■ What is needed ■
Verbatim output of the lines below is required, with the images omitted.

■ Provided material ■
....

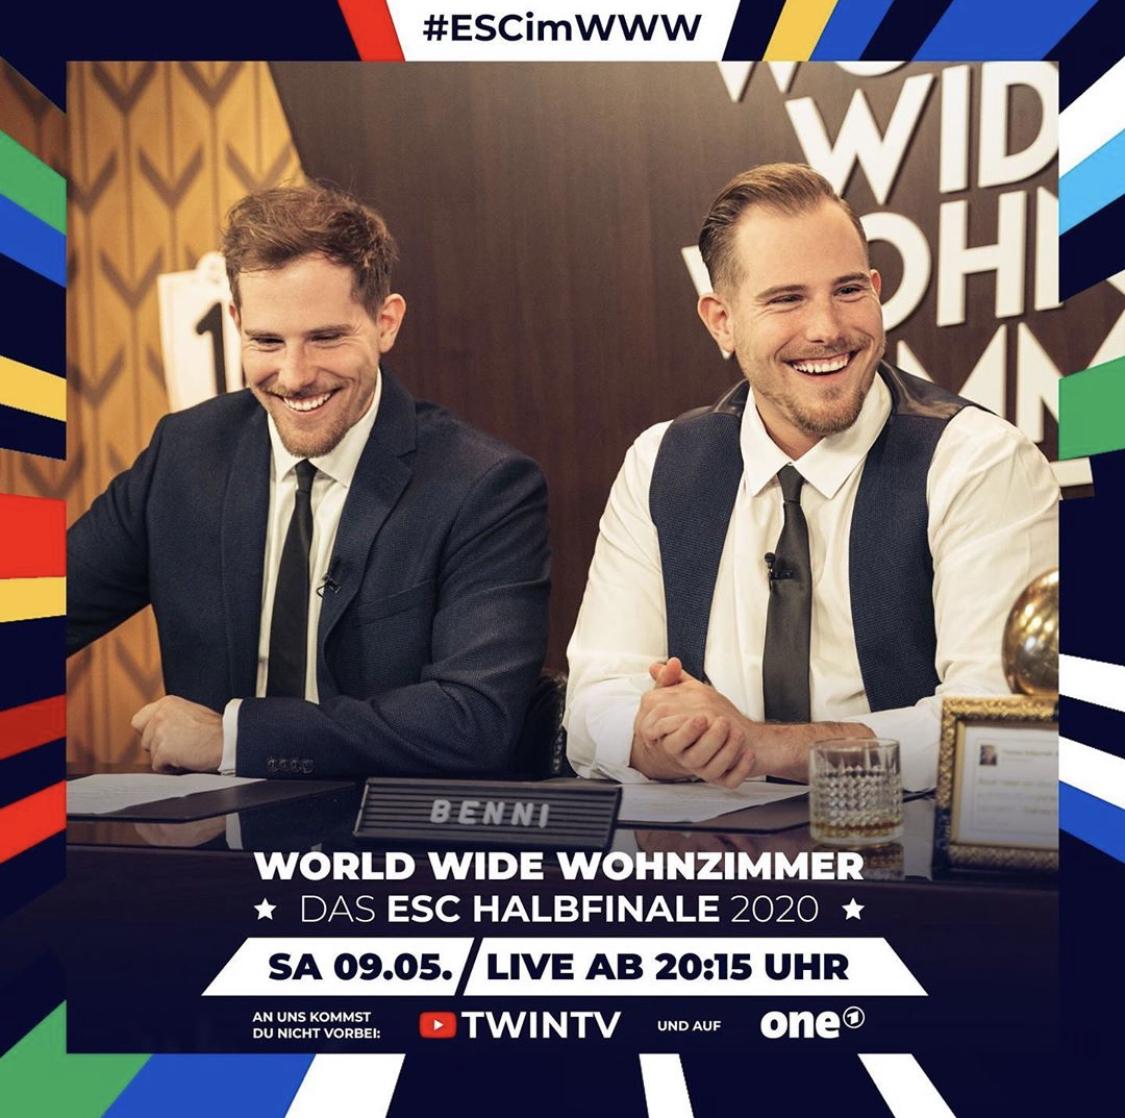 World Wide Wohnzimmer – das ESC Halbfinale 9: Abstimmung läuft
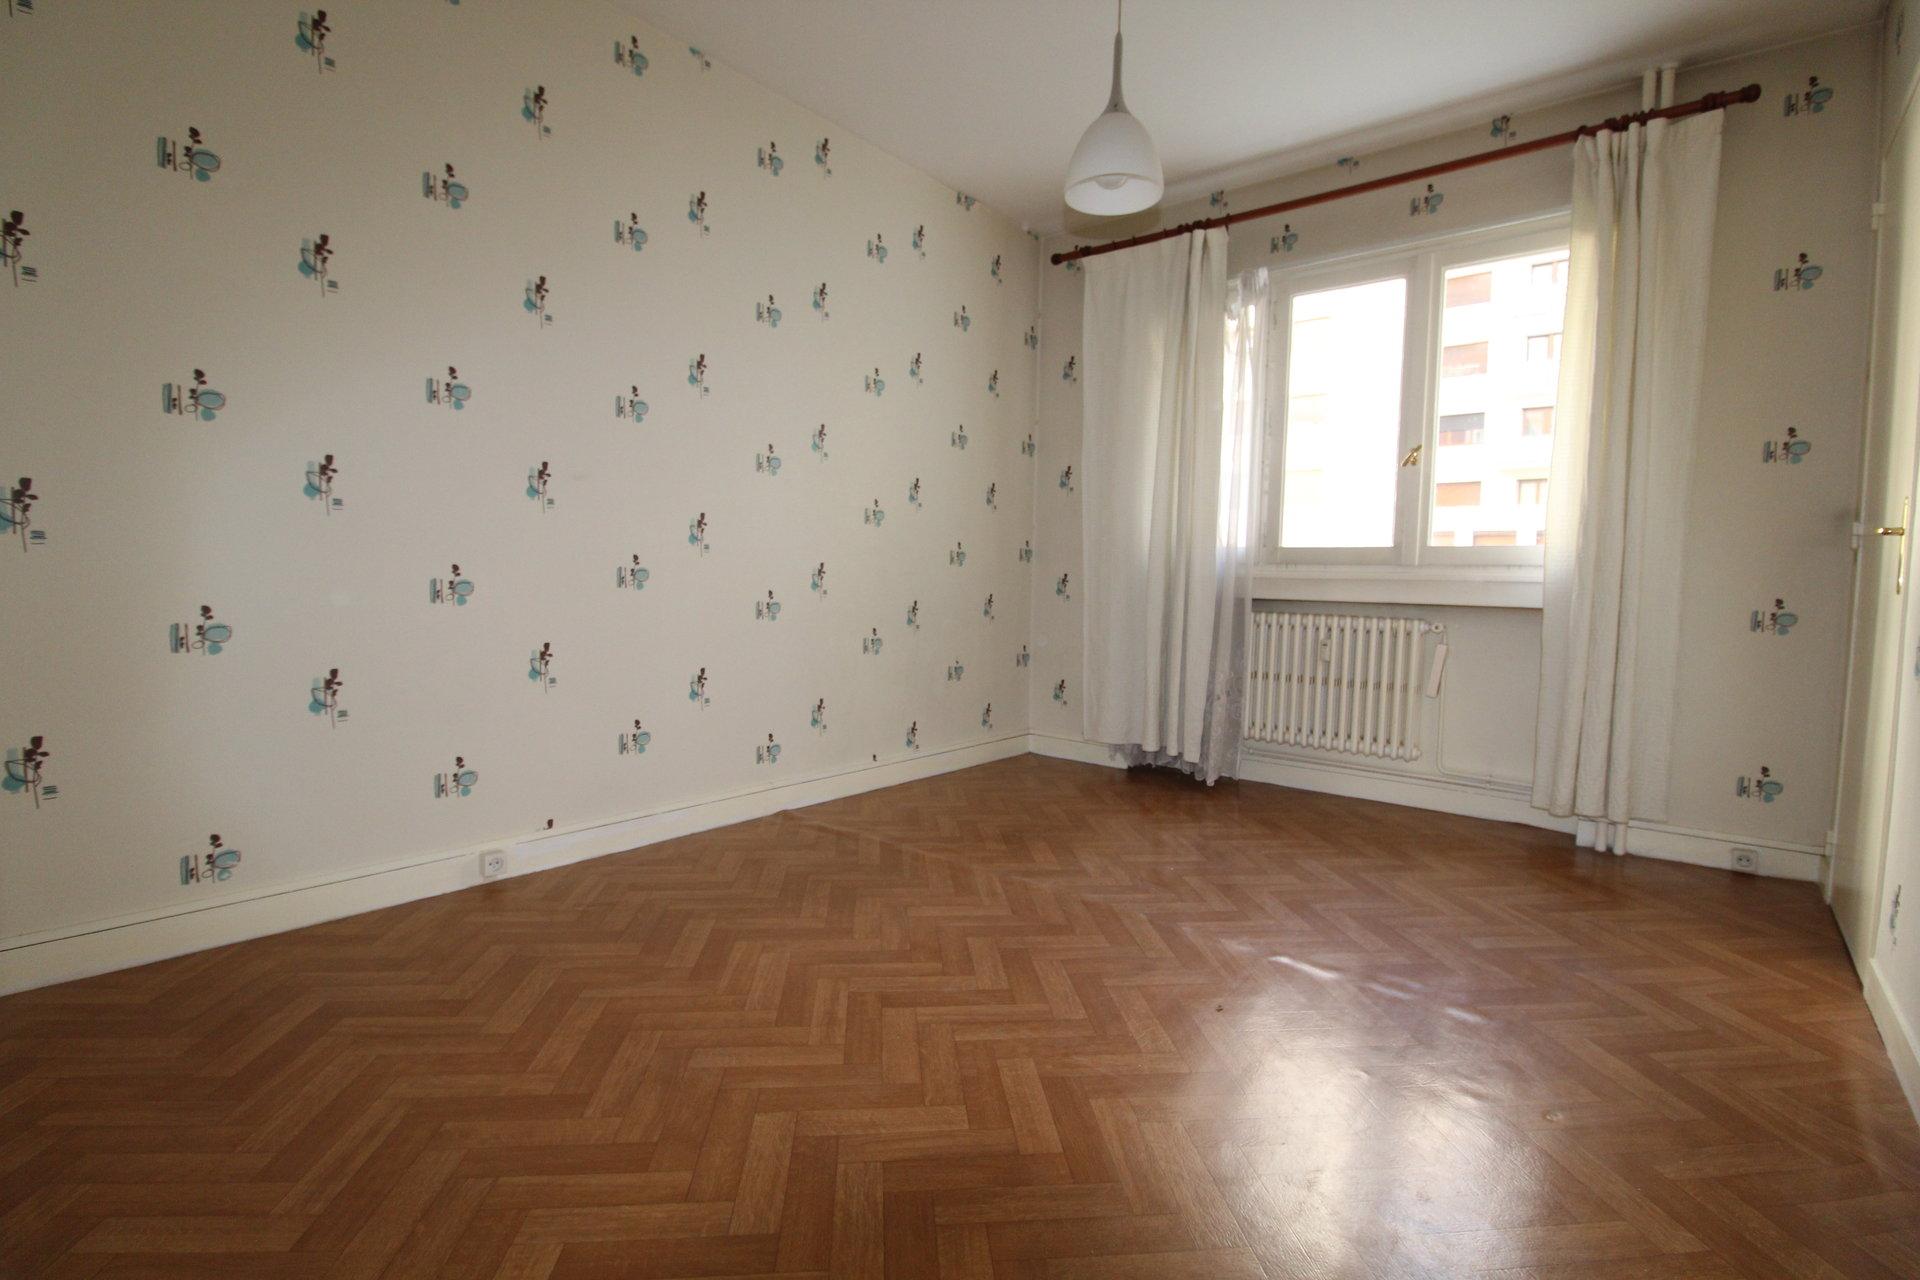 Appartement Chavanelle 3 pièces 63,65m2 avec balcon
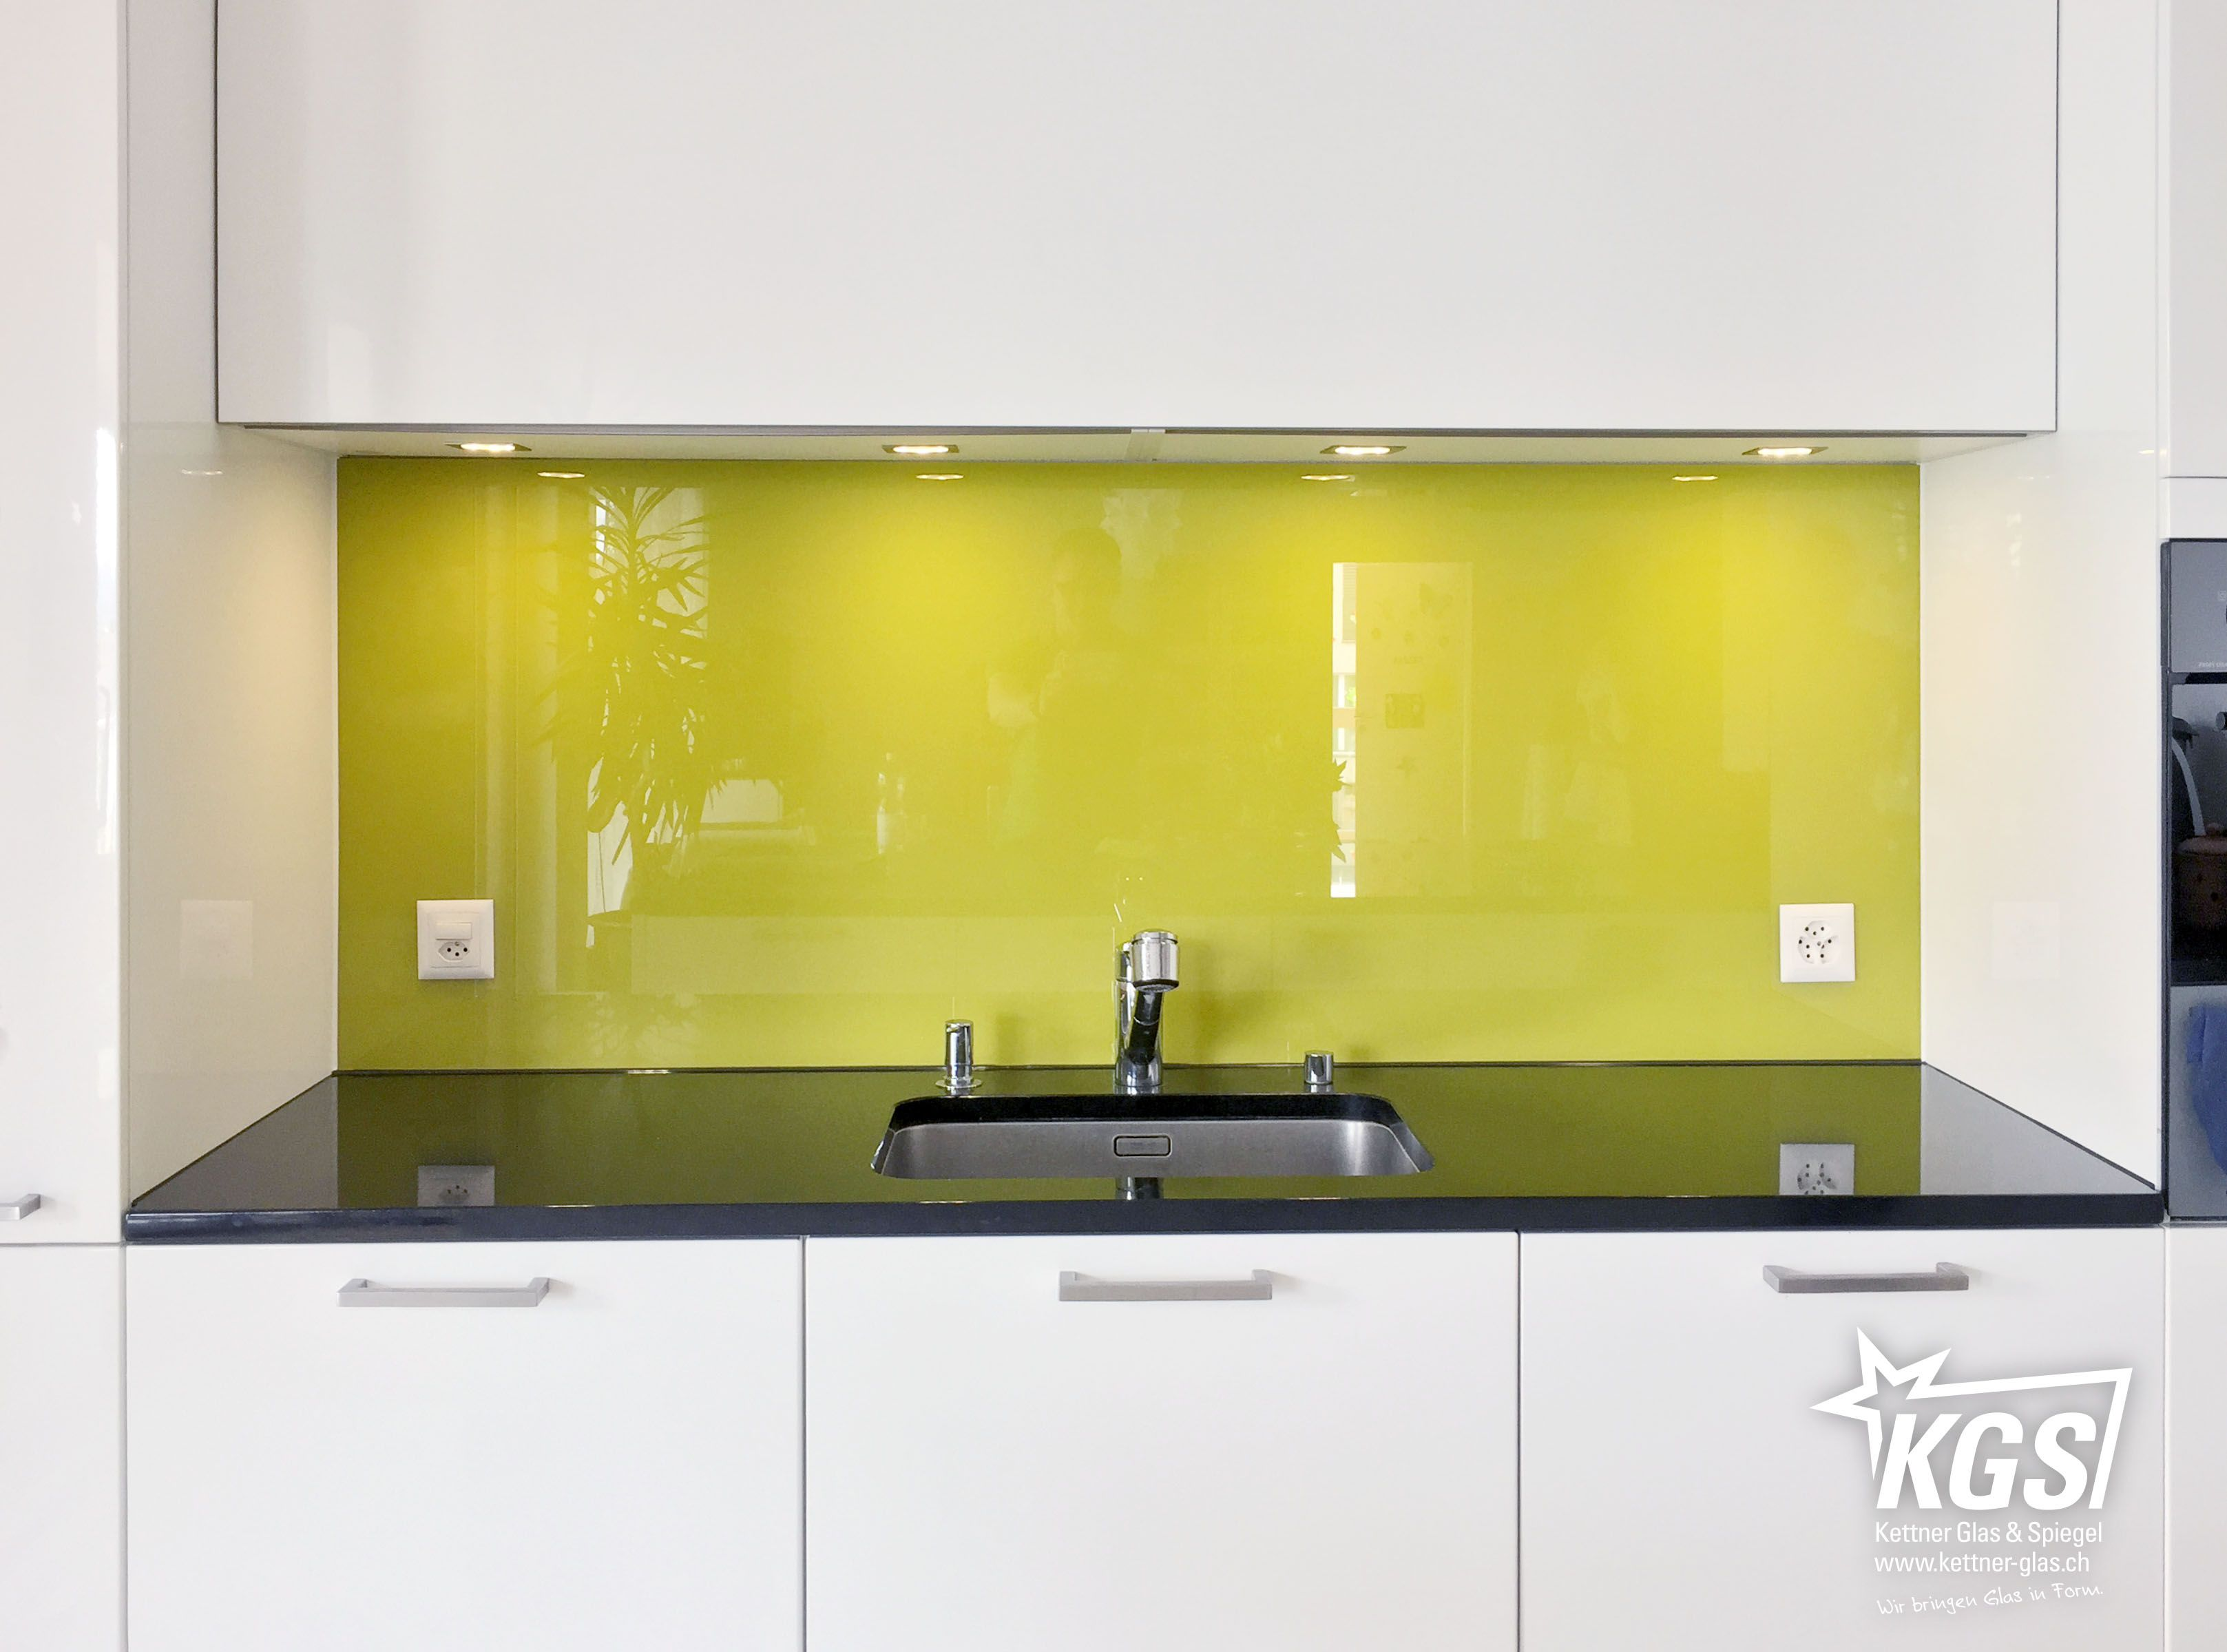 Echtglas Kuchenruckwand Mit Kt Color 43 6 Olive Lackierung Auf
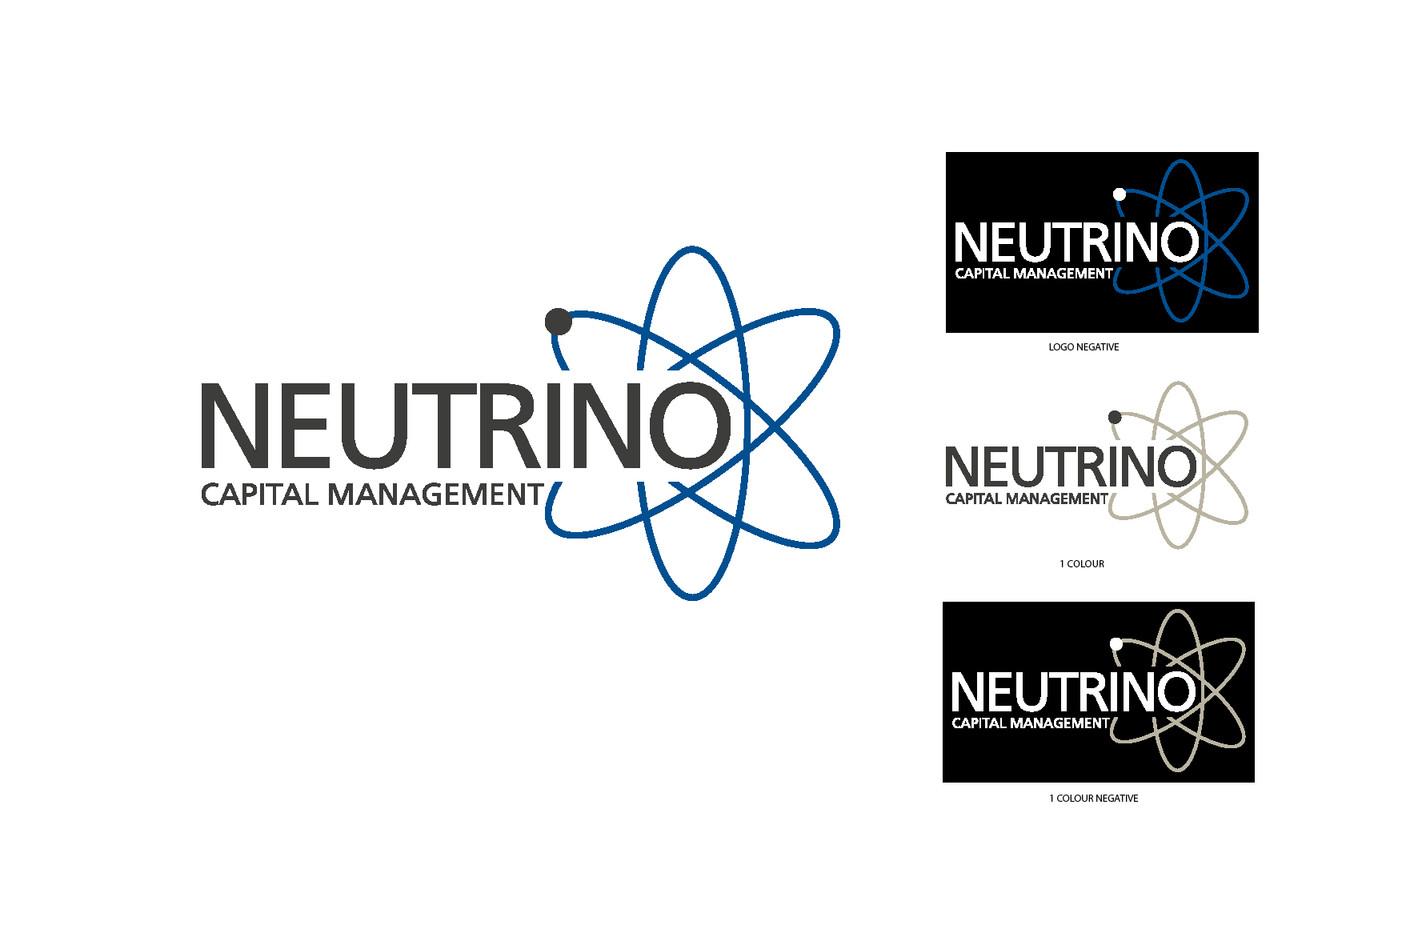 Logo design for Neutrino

....

■ Output of the task ■
 World Wide Wohnzimmer – das ESC Halbfinale 9: Abstimmung läuft
 Appartement Chavanelle 3 pièces 63,65m2 avec balcon
 Echtglas Kuchenruckwand Mit Kt Color 43 6 Olive Lackierung Auf
 Logo design for Neutrino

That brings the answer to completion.